Out of curiosity, the beamformer source time-courses were plotted in Figure 9(M)–(R) of the same six areas for which the Fast-VESTAL solution showed strong activities. Since many of these areas did not show visible local maxima, the same locations obtained from the Fast-VESTAL solution had to be used as seeds for obtaining the beamformer source time-courses. The early and sharp components of the cSI time-course (Fig. 9(M)) were similar to that obtained by Fast-VESTAL (Fig. 9(G)), but the late slow components were missing in the beamformer solution. The remaining source time-courses from beamformer appear substantially different from those obtained from Fast-VESTAL. Many beamformer-derived source time-courses showed the strong early and sharp components that were absent in Fast-VESTAL, except for cSI source.
Whole-brain Source Amplitude Imaging for Resting-state MEG Signals using Fast-VESTAL
Fast-VESTAL was used to obtain the source amplitude (RMS) images of human resting-state (eyes-closed) MEG signals from 41 healthy control subjects and from 41 sets of empty-room data. In each human and empty-room data set, the MEG sensor covariance matrix for the restingstate recording was calculated for four different frequency bands, namely in alpha (8–10 Hz), beta (15–30 Hz), gamma (30–100 Hz), and low frequency (1–7 Hz) bands, after artifact removal and noise reduction pre-processing steps (see the Methods Section). Fast-VESTAL source images were obtained using the sensor covariance matrix and then transformed from the subject’s native coordinates to the MNI-152 atlas coordinates.

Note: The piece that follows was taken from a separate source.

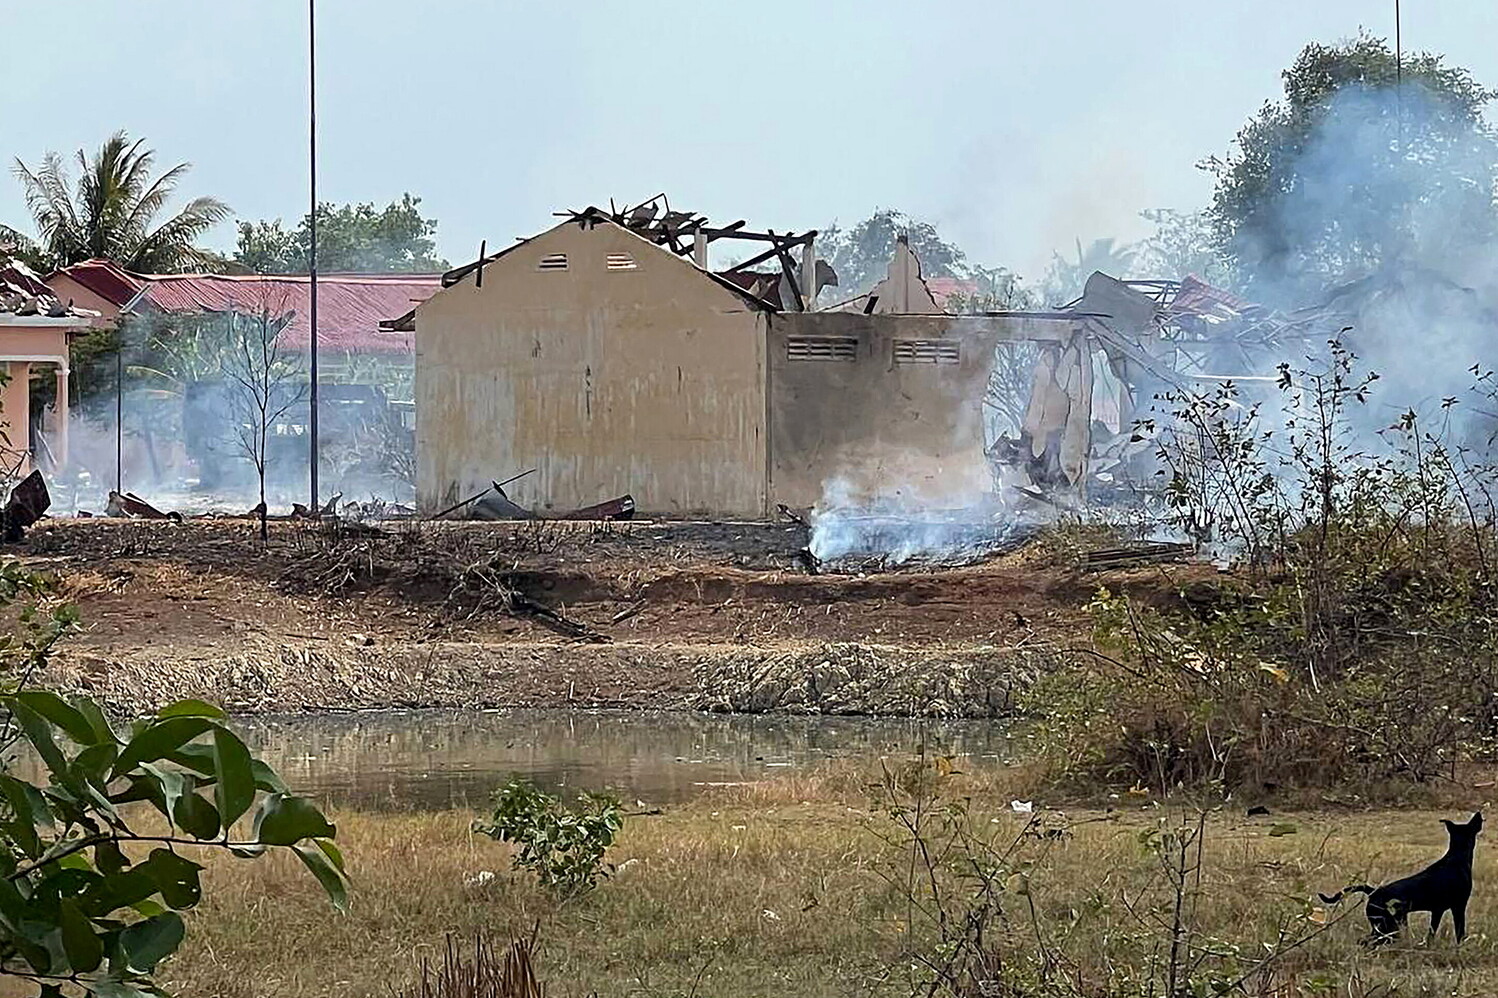 cambogia, esplode un deposito munizioni: morti almeno 20 soldati

Figure 10 shows the process of using OPWM to separate the noise subspace from the signal subspace in the empty room data. After the pre-whitening step using the pre-whitening operator built from the mother noise covariance matrix of an extra empty-room data set (see Methods), the SQRTs of the eigenvalues for the daughter pre-whitened empty room covariance matrix or DPWERCM were calculated from each of the 41 empty-room data sets. Figures 10(A)–10(D) display the mean (solid lines) and standard deviations (dashed lines) for such SQRT of the eigenvalues of DPWERCM, across 41 empty-room sets, for alpha, beta, gamma, and delta plus theta bands, respectively. As for the simulated case in Figure 6, the second-order derivatives of the SQRTs of the eigenvalues from PWERCM show the clear cut of the noise-subspace at the eigenmode 3 for all bands. The thresholds for the SQRT of the eigenvalues for DPWERCM for the starts of the noise subspace were obtained from the horizontal dash-dotted lines in Figure 10(A)–10(D) for all frequency bands. Such thresholds were used to determine the cutoffs of the signal subspaces (spatial modes) in the pre-whitened covariance matrices for 41 the empty-room data and the 41 human resting-state data in the Fast-VESTAL data analyses. For each of the 41 empty-room datasets, a minimum of 2 spatial modes were used in the Fast-VESTAL analysis.
Figure 10.
OPWM separate noise and signal subspaces in empty room data. Top row: SQRT of eigenvalues from the daughter pre-whitened empty room covariance matrix (DPWERCM) for alpha (A), beta (B), gamma (C), and delta + theta (D) frequency bands. Bottom row: second-order derivatives of the SQRT of the eigenvalues. The vertical dotted lines show the beginning of the noise subspace, which are then used in the top row to determine the threshold of noise subspace (dash-dotted lines in top row).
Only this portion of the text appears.